Suggested fixes (probably all of these are appropriate):

1. gistSplit should have check_stack_depth()

2. gistSplit should probably refuse to split anything if called with
only one item (which is the value being inserted).

3. somewhere before reaching gistSplit it might make sense to check
explicitly (e.g. in gistFormTuple) whether the tuple will actually
fit on a page.

4. pg_trgm probably should do something more sensible with large leaf
items, but this is a peripheral issue since ultimately the gist core
must enforce these limits rather than rely on the opclass.

-- 
Andrew (irc:RhodiumToad)



Re: GiST splitting on empty pages

От
Heikki Linnakangas
Дата:
On 10/03/2014 05:03 AM, Andrew Gierth wrote:
> This is from Bug #11555, which is still in moderation as I type this
> (analysis was done via IRC).
>
> The GiST insertion code appears to have no length checks at all on the
> inserted entry. index_form_tuple checks for length <= 8191, with the
> default blocksize, but obviously a tuple less than 8191 bytes may
> still not fit on the page due to page header info etc.
>
> However, the gist insertion code assumes that if the tuple doesn't fit,
> then it must have to split the page, with no check whether the page is
> already empty.
>
> [script to reproduce]

Thanks for the analysis!

> Suggested fixes (probably all of these are appropriate):
>
> 1. gistSplit should have check_stack_depth()
>
> 2. gistSplit should probably refuse to split anything if called with
> only one item (which is the value being inserted).
>
> 3. somewhere before reaching gistSplit it might make sense to check
> explicitly (e.g. in gistFormTuple) whether the tuple will actually
> fit on a page.
>
> 4. pg_trgm probably should do something more sensible with large leaf
> items, but this is a peripheral issue since ultimately the gist core
> must enforce these limits rather than rely on the opclass.

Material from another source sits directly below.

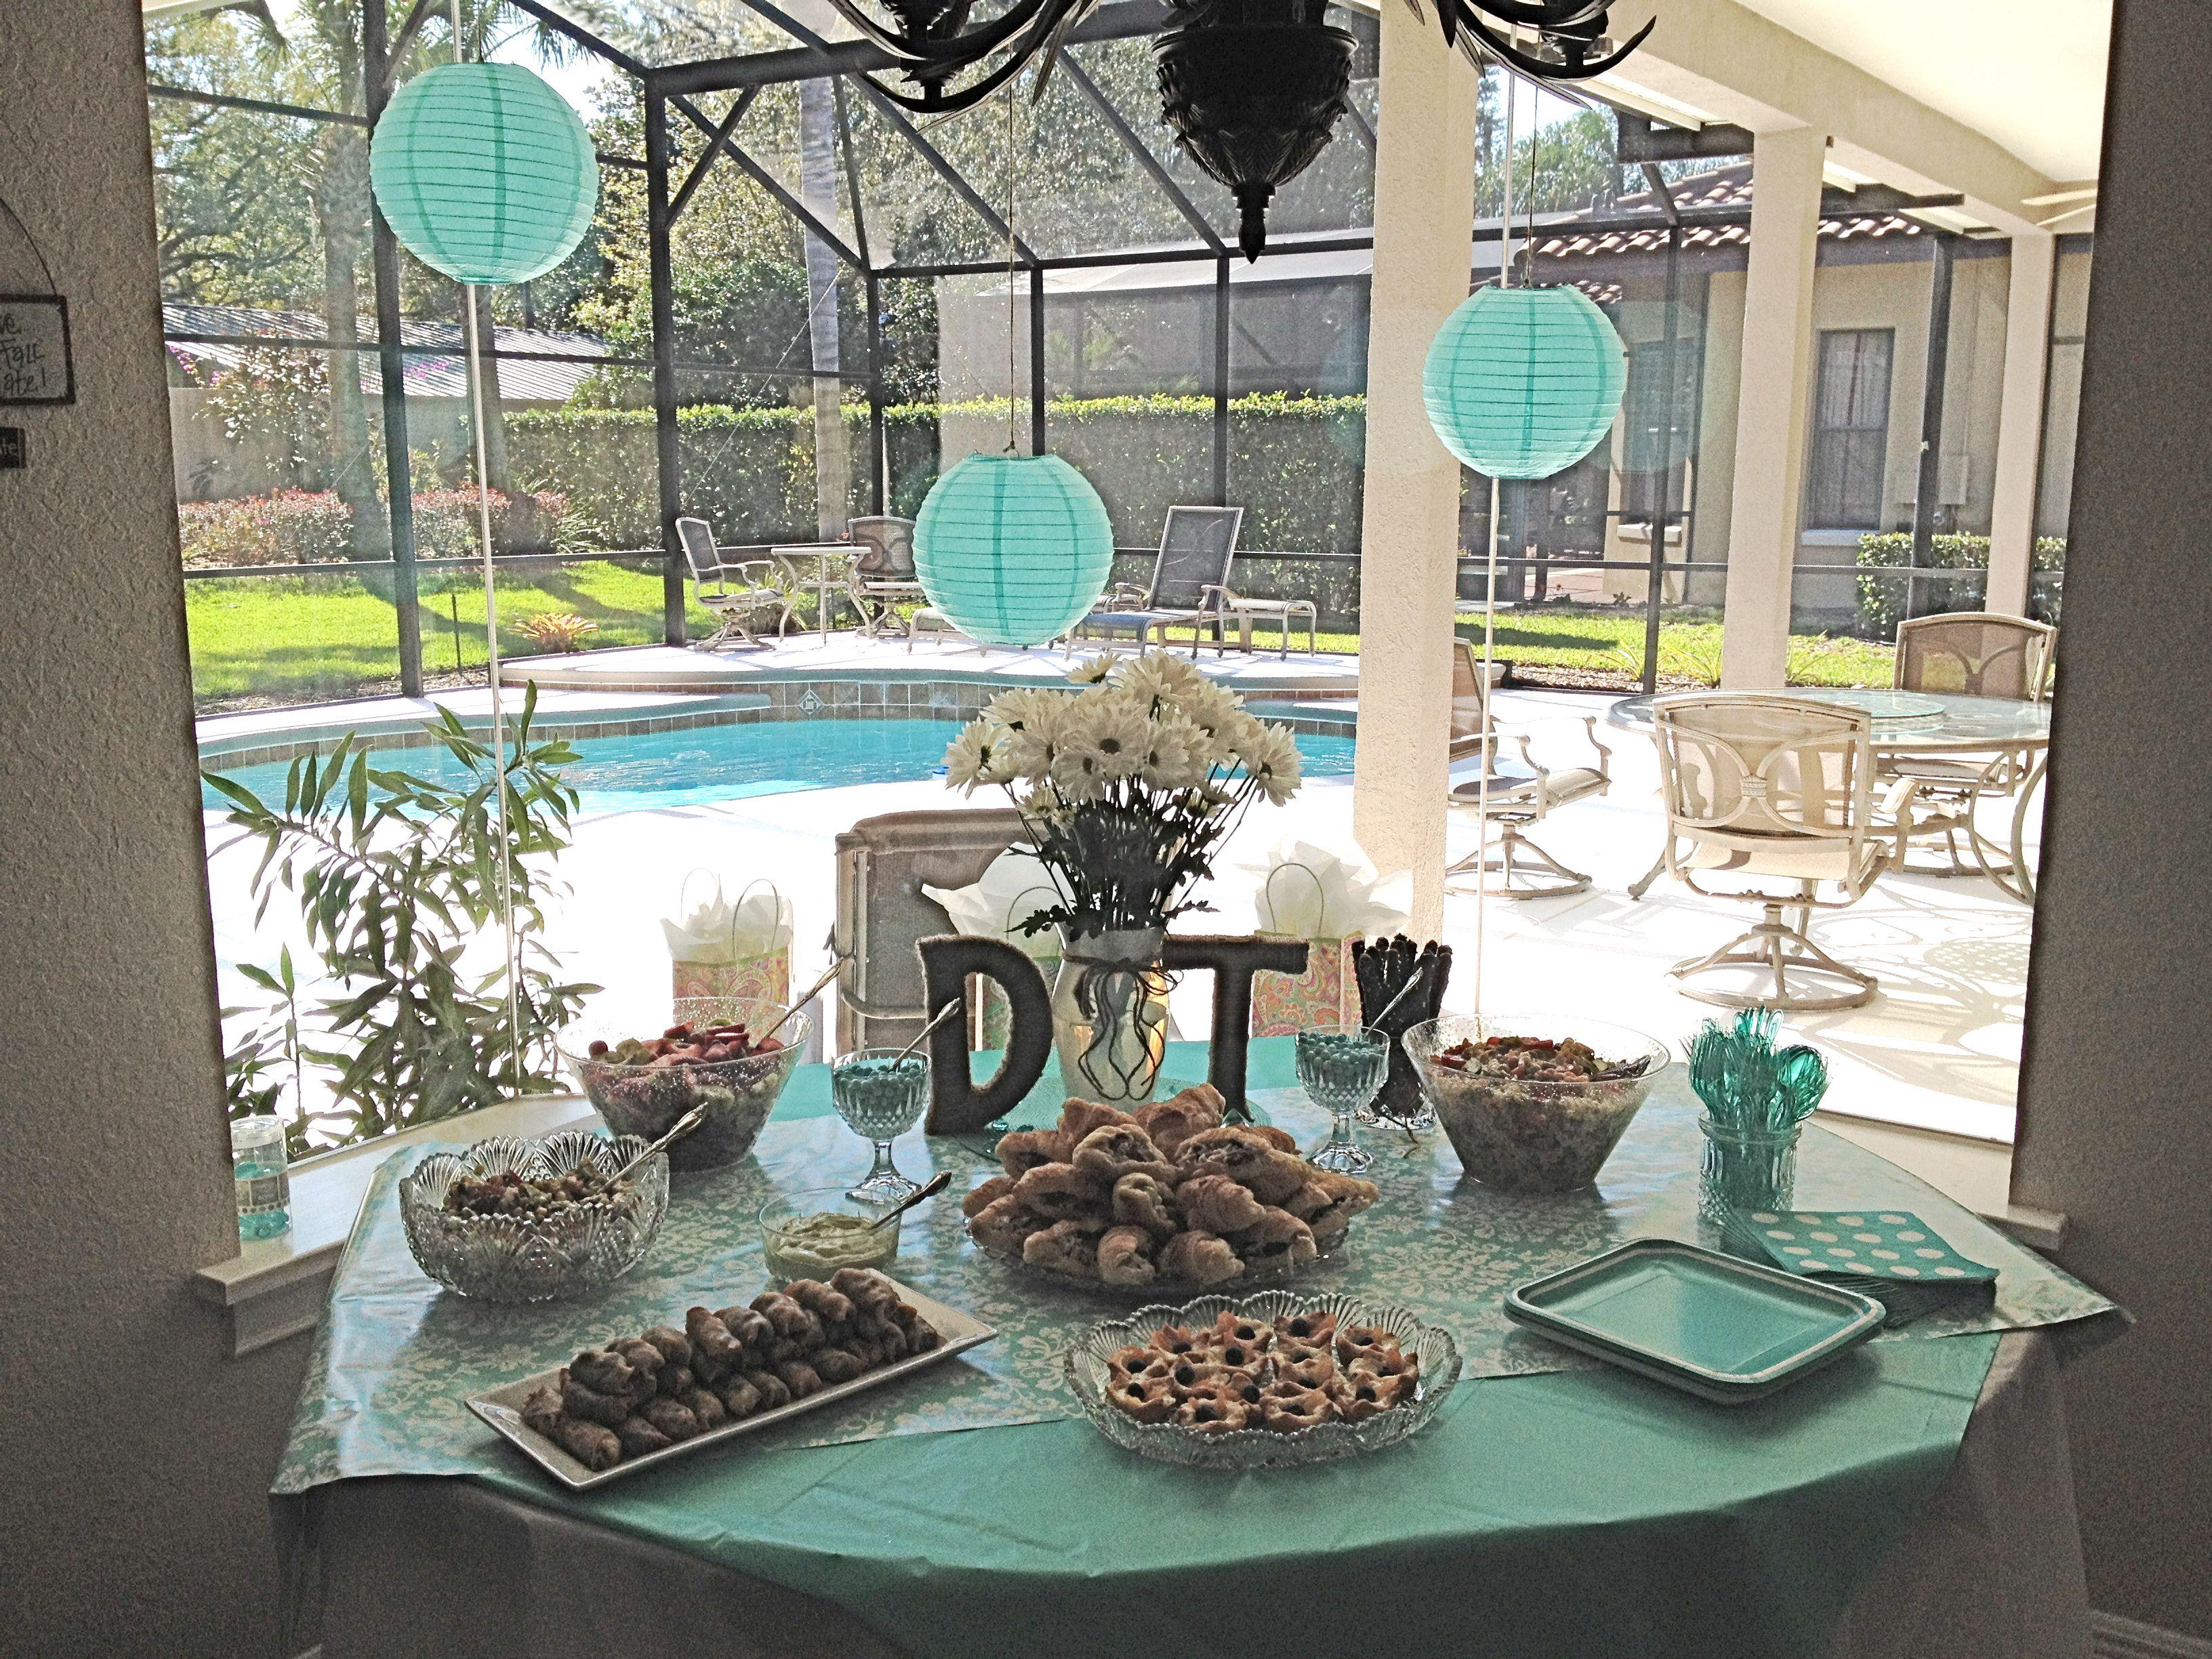 Pinterest Bridal Shower: Bridal Shower Table Set Up. Pinterest In Action! Made
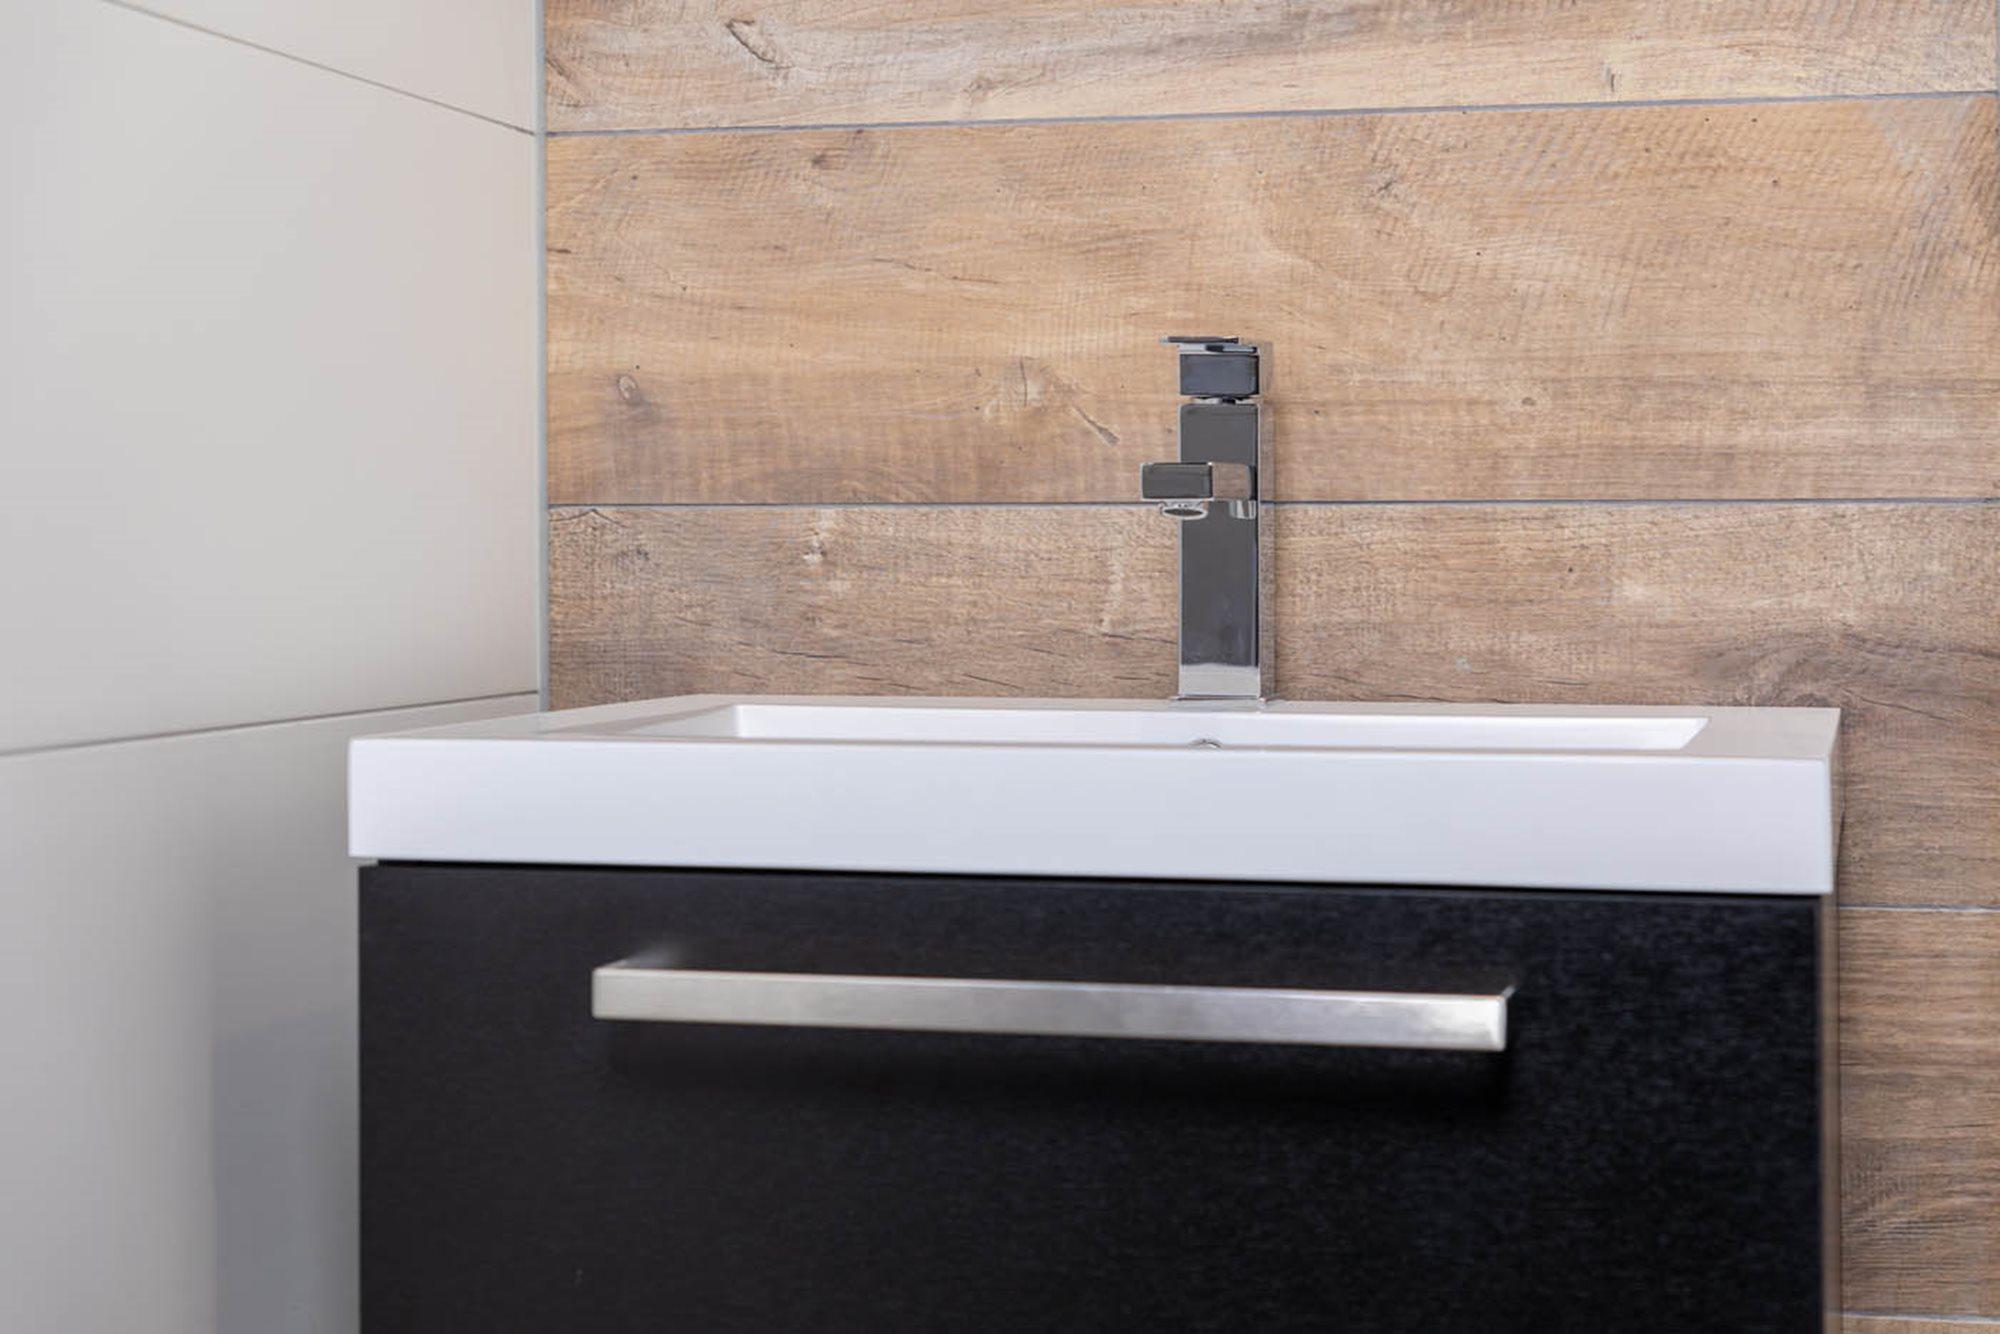 wastafel-kiezen-zwart-badkamermeubel-chromen-wastafelkraan-houtlook-tegels-witte-tegels.jpg

Fixed, I did 1. and 2. Number 3. would make a lot of sense, but I 
couldn't totally convince myself that we can safely put the check in 
gistFormTuple() without causing some cases to fail that currently work. 
I think the code sometimes forms tuples that are never added to the 
insert as such, used only to "union" them to existing tuples on internal 
pages. Or maybe not, but in any case, the check in gistSplit() is enough 
to stop the crash.

- Heikki